## SUPPLIED MATERIAL:
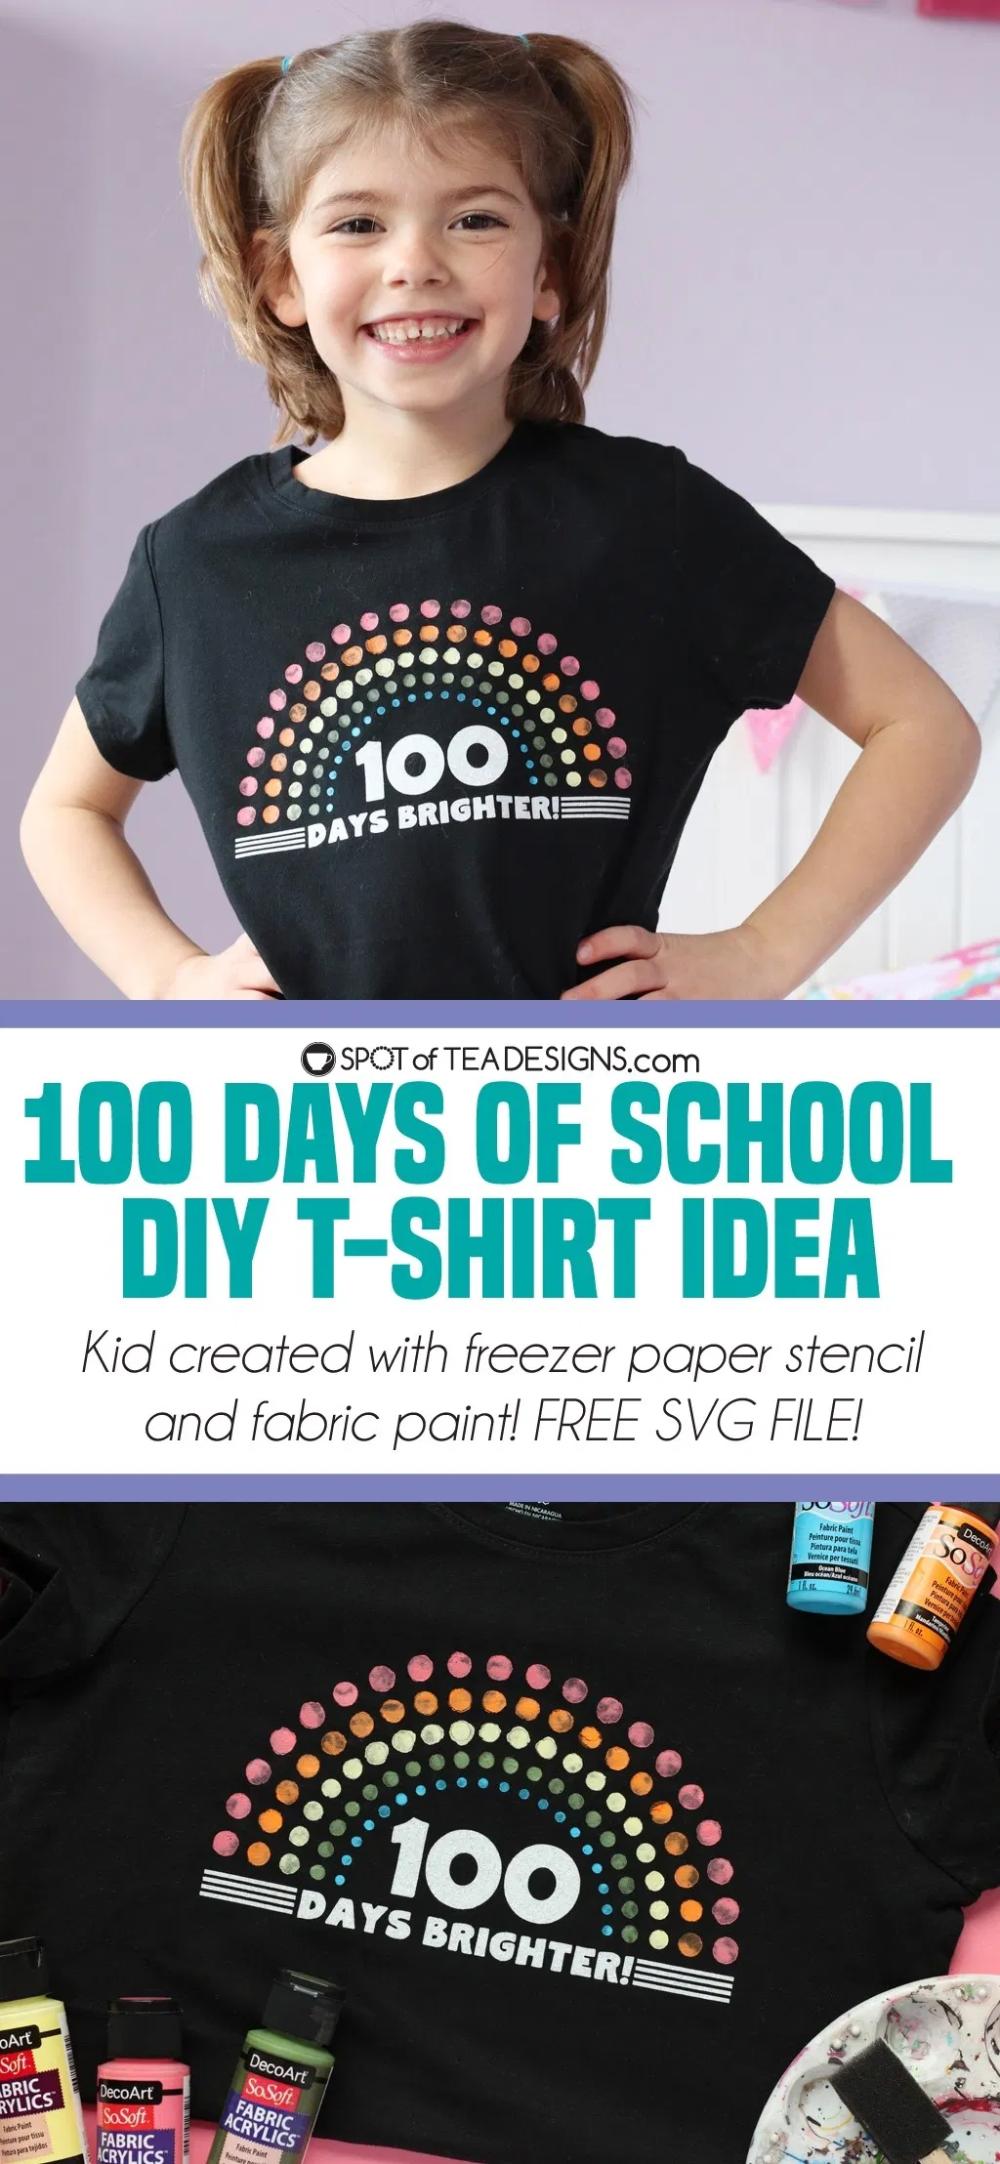 100 Days Of School T Shirt 100 Days Brighter Spot Of Tea Designs Decoart Sosoft Fabric Acrylics In 2020 100 Days Of School Tea Design School Tshirts
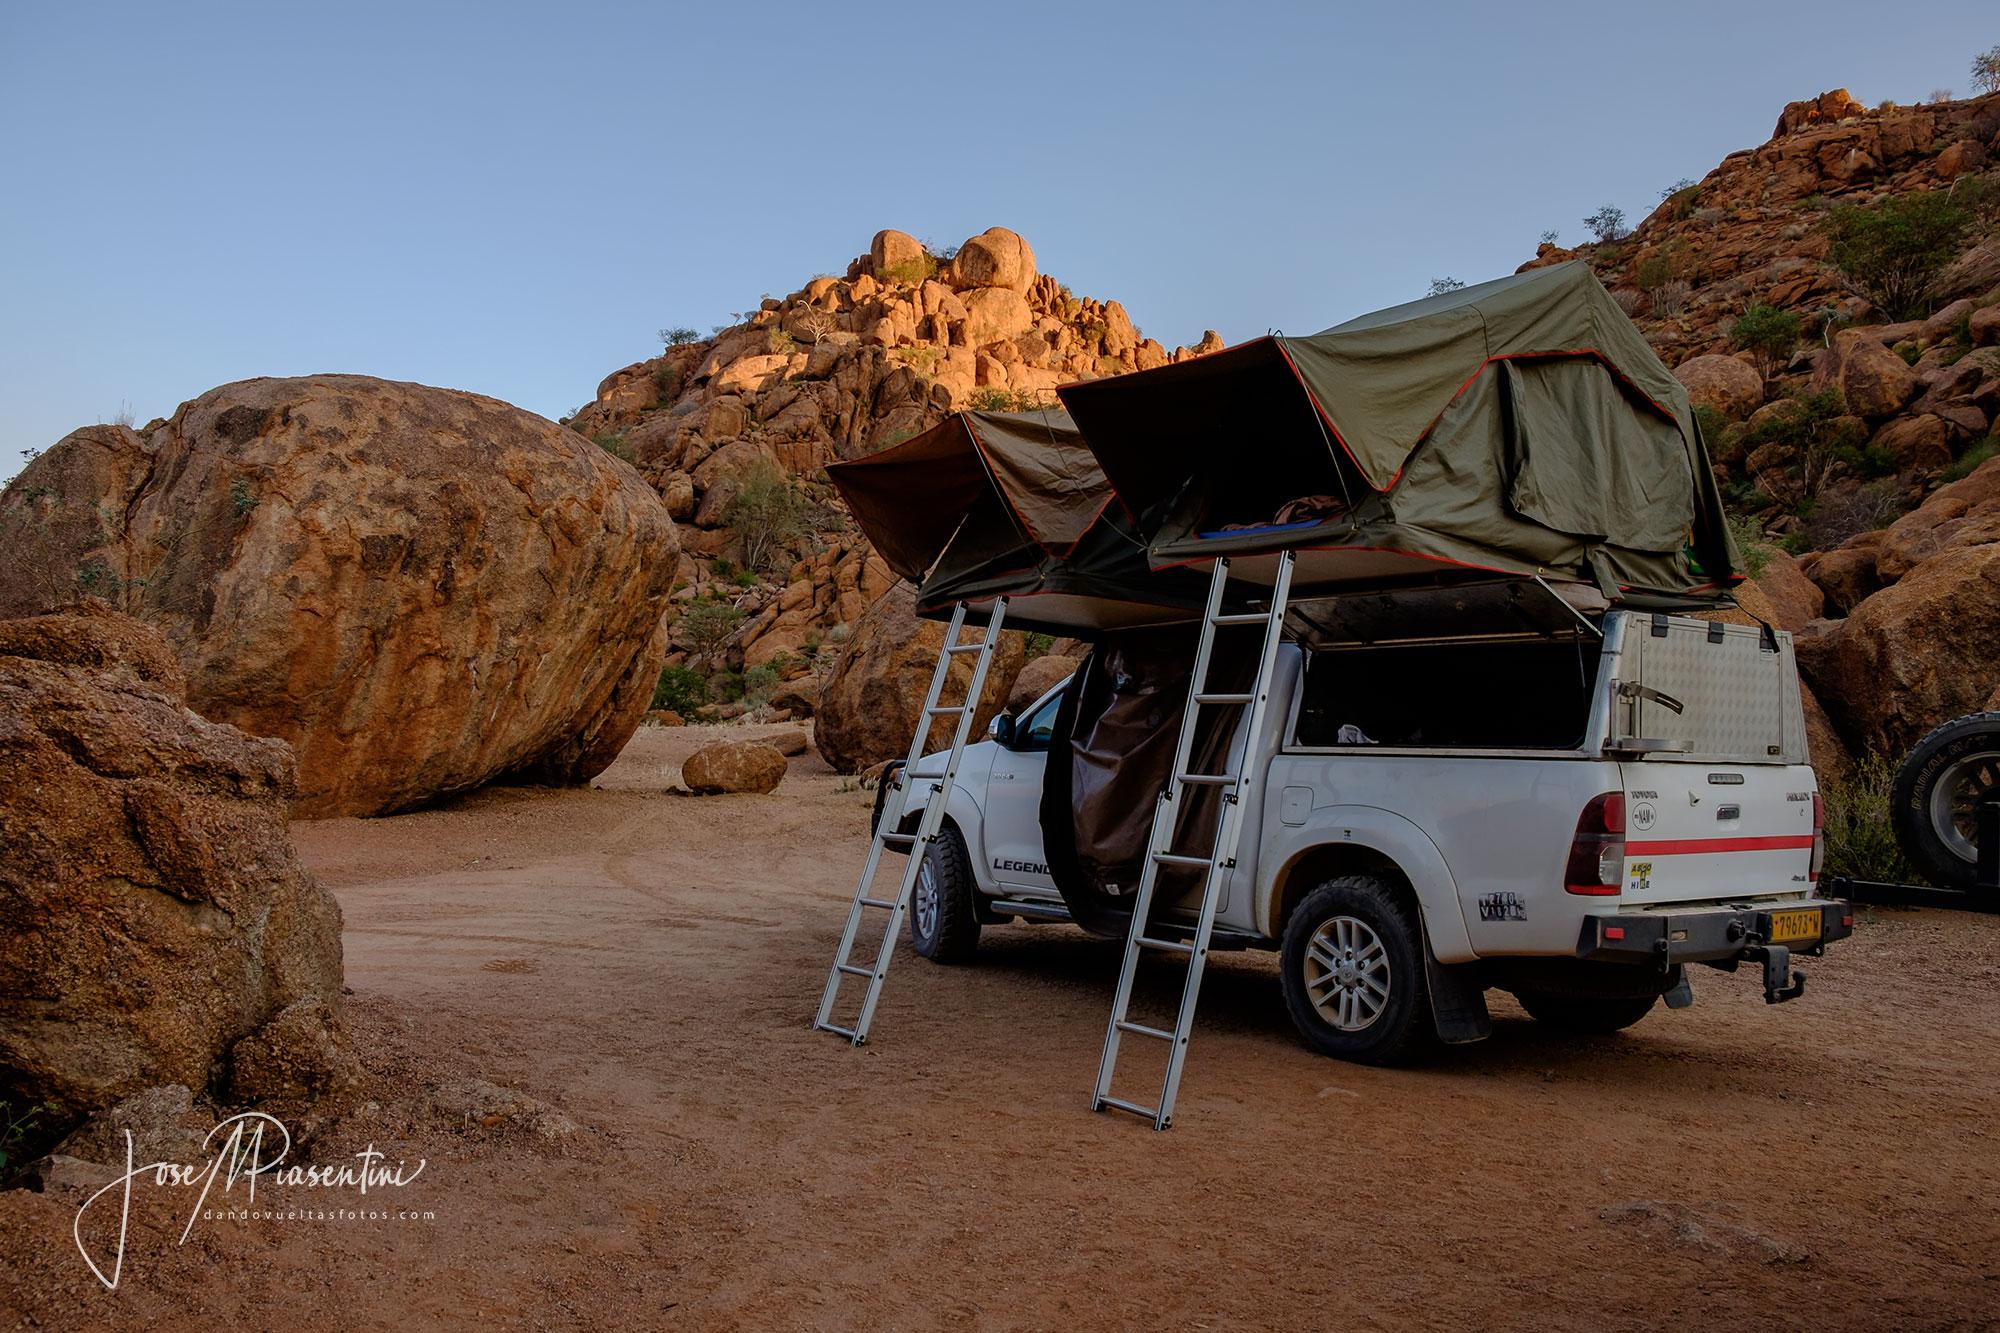 sunset-Mowani-Camp-Twyfelfontein
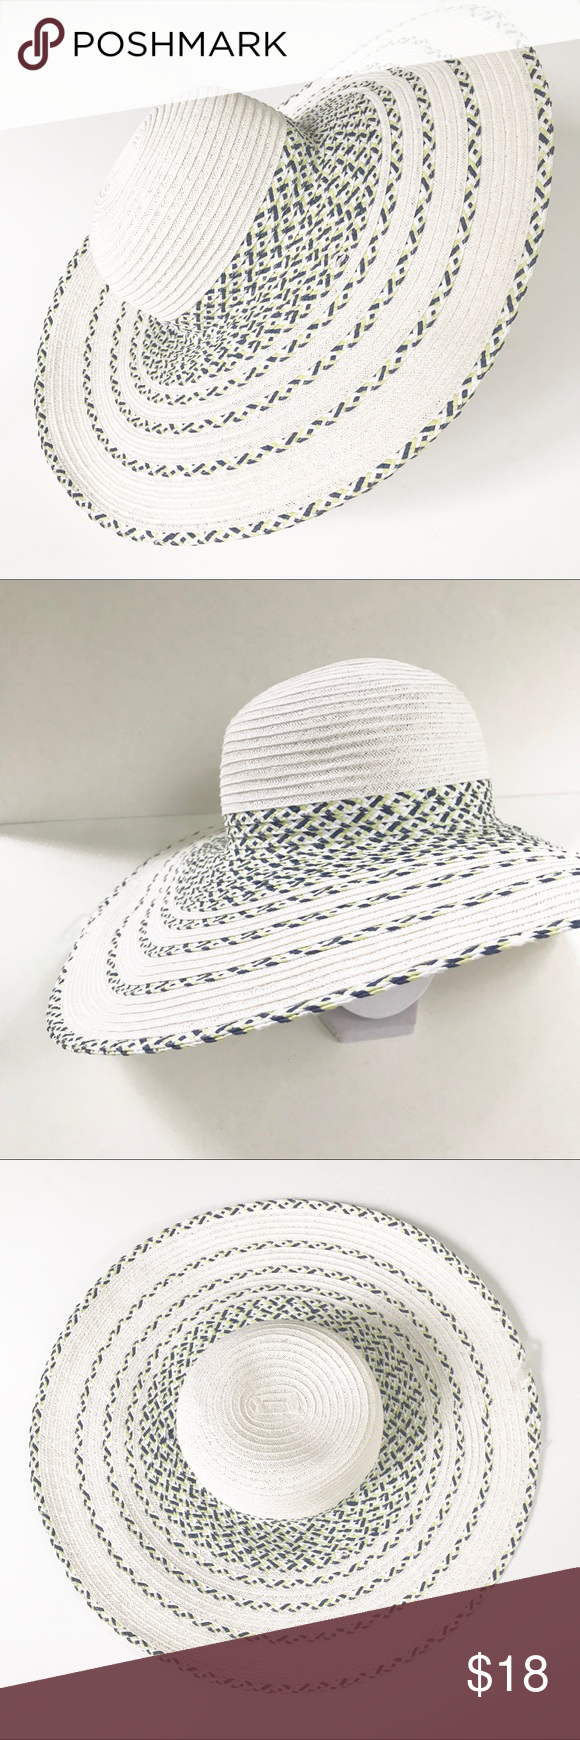 Nwt Packable Large Brim Floppy Straw Like Hat Accessories Hats Fashion Design Brim
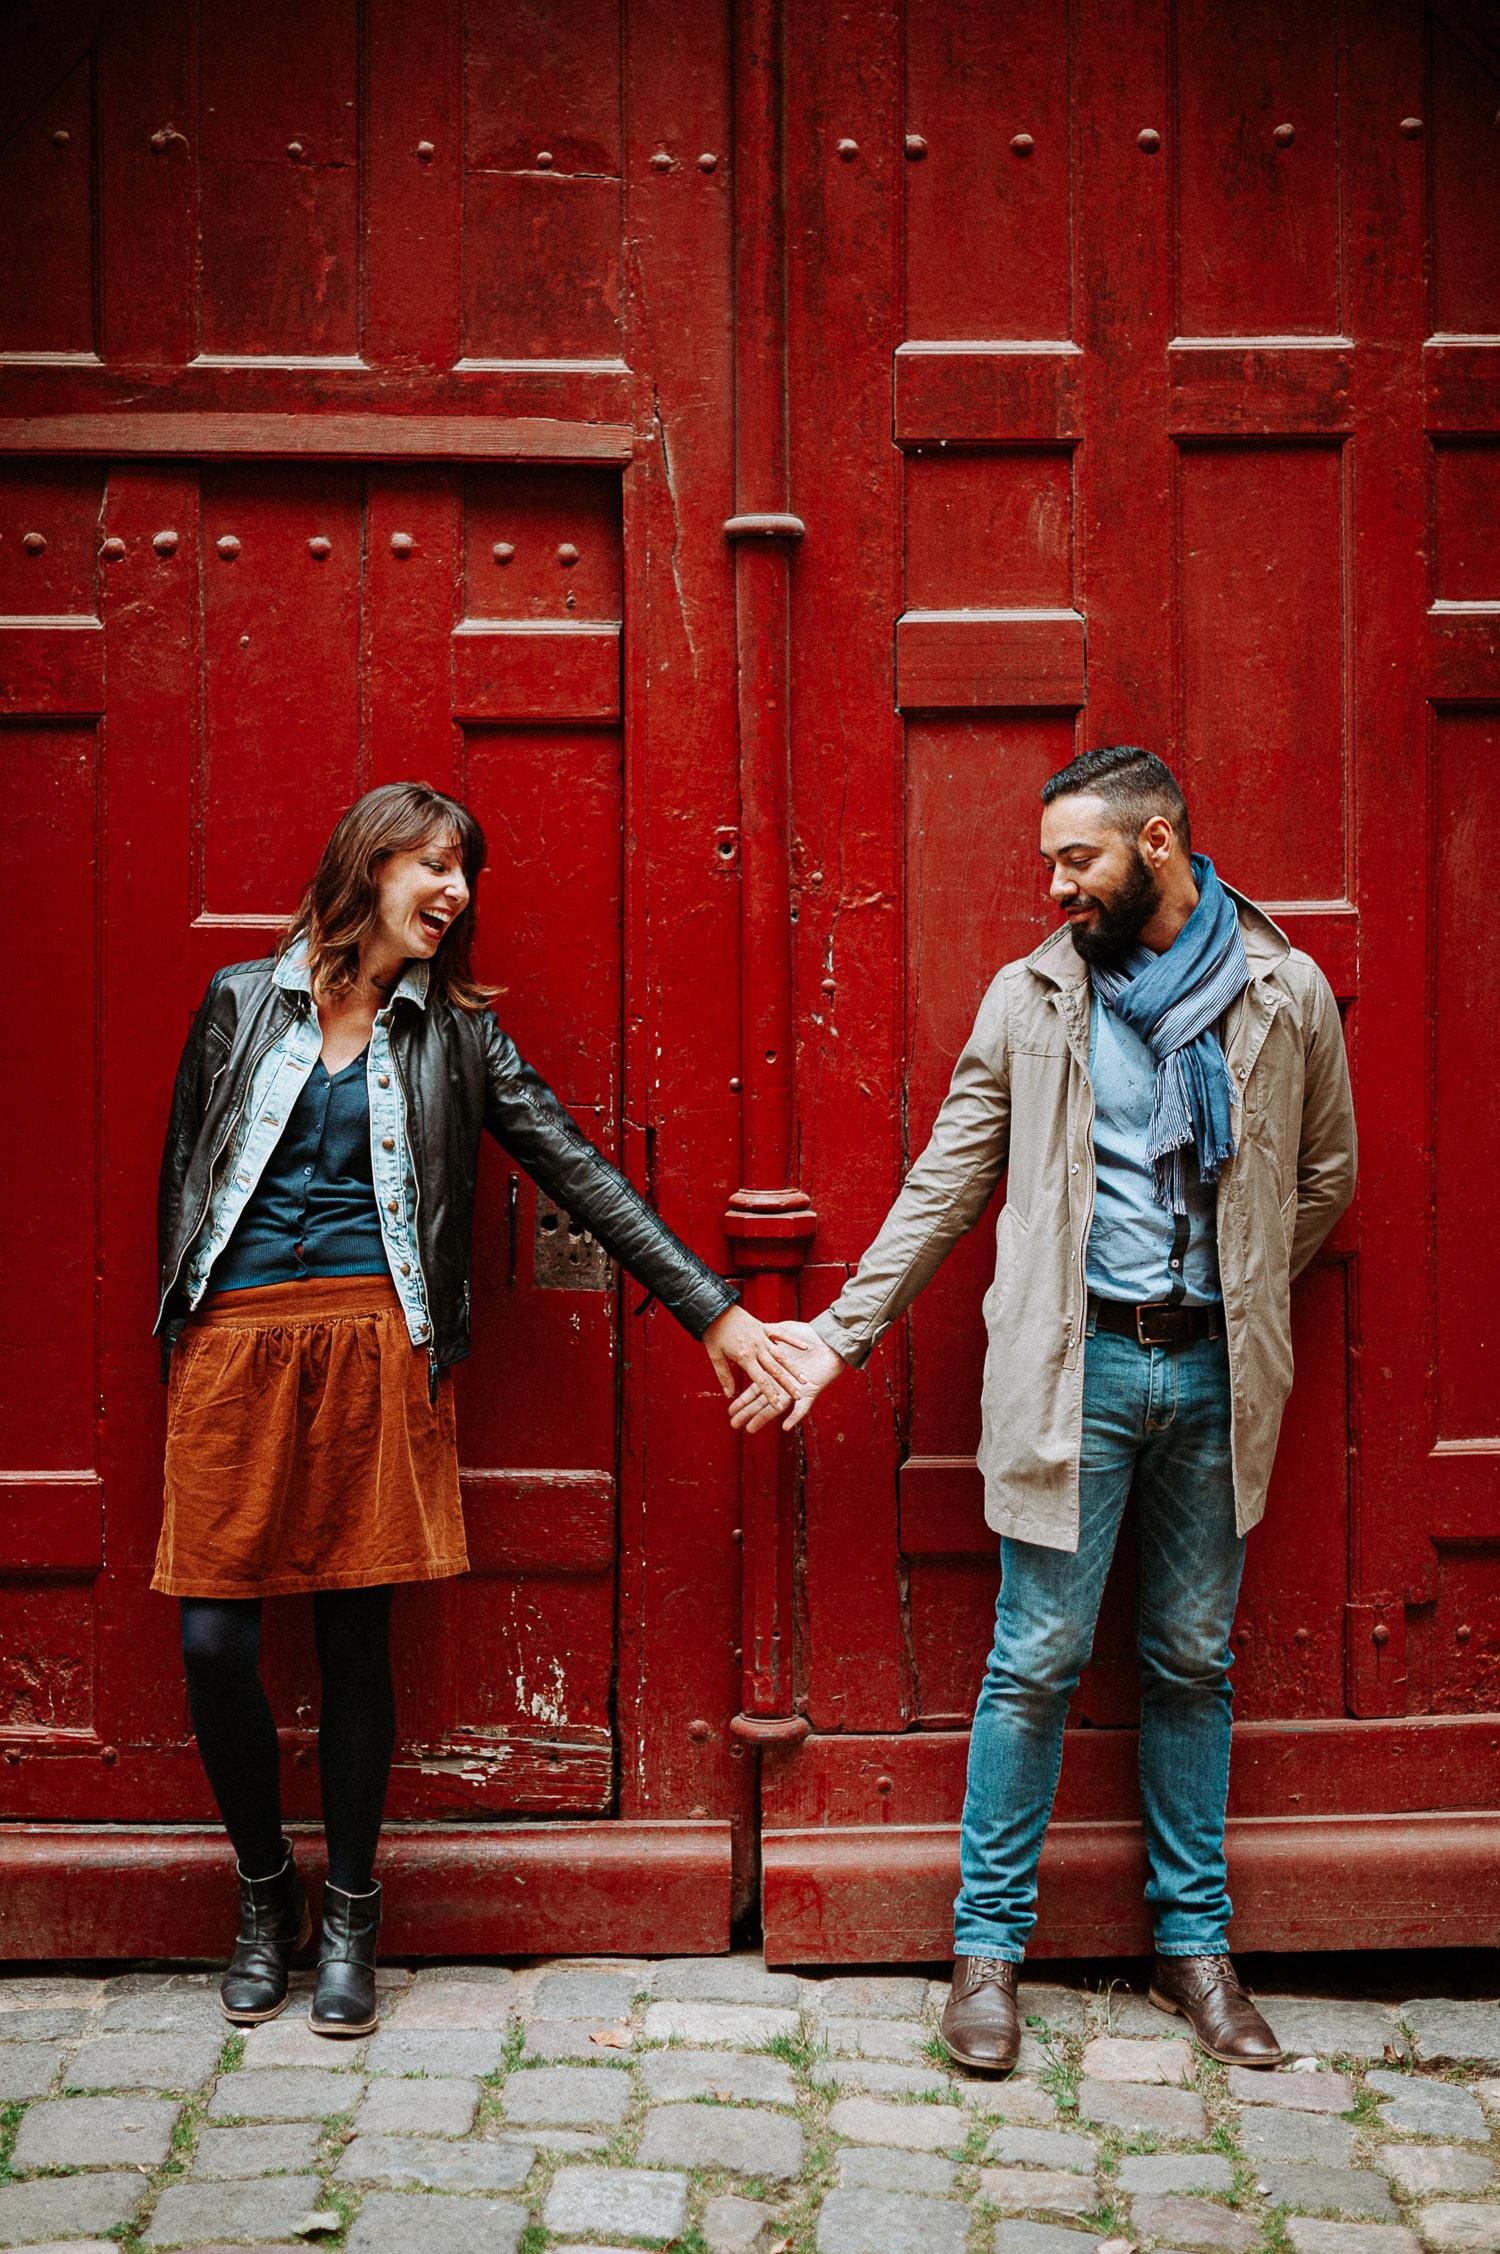 julien-saura-rennes-photographe-seance-couple-02

## EXERCISE:
Omitting all pictures, set the listing down exactly.

## SOLUTION TO THIS EXERCISE:
 100 Days Of School T Shirt 100 Days Brighter Spot Of Tea Designs Decoart Sosoft Fabric Acrylics In 2020 100 Days Of School Tea Design School Tshirts
 sunset-Mowani-Camp-Twyfelfontein
 Nwt Packable Large Brim Floppy Straw Like Hat Accessories Hats Fashion Design Brim
 julien-saura-rennes-photographe-seance-couple-02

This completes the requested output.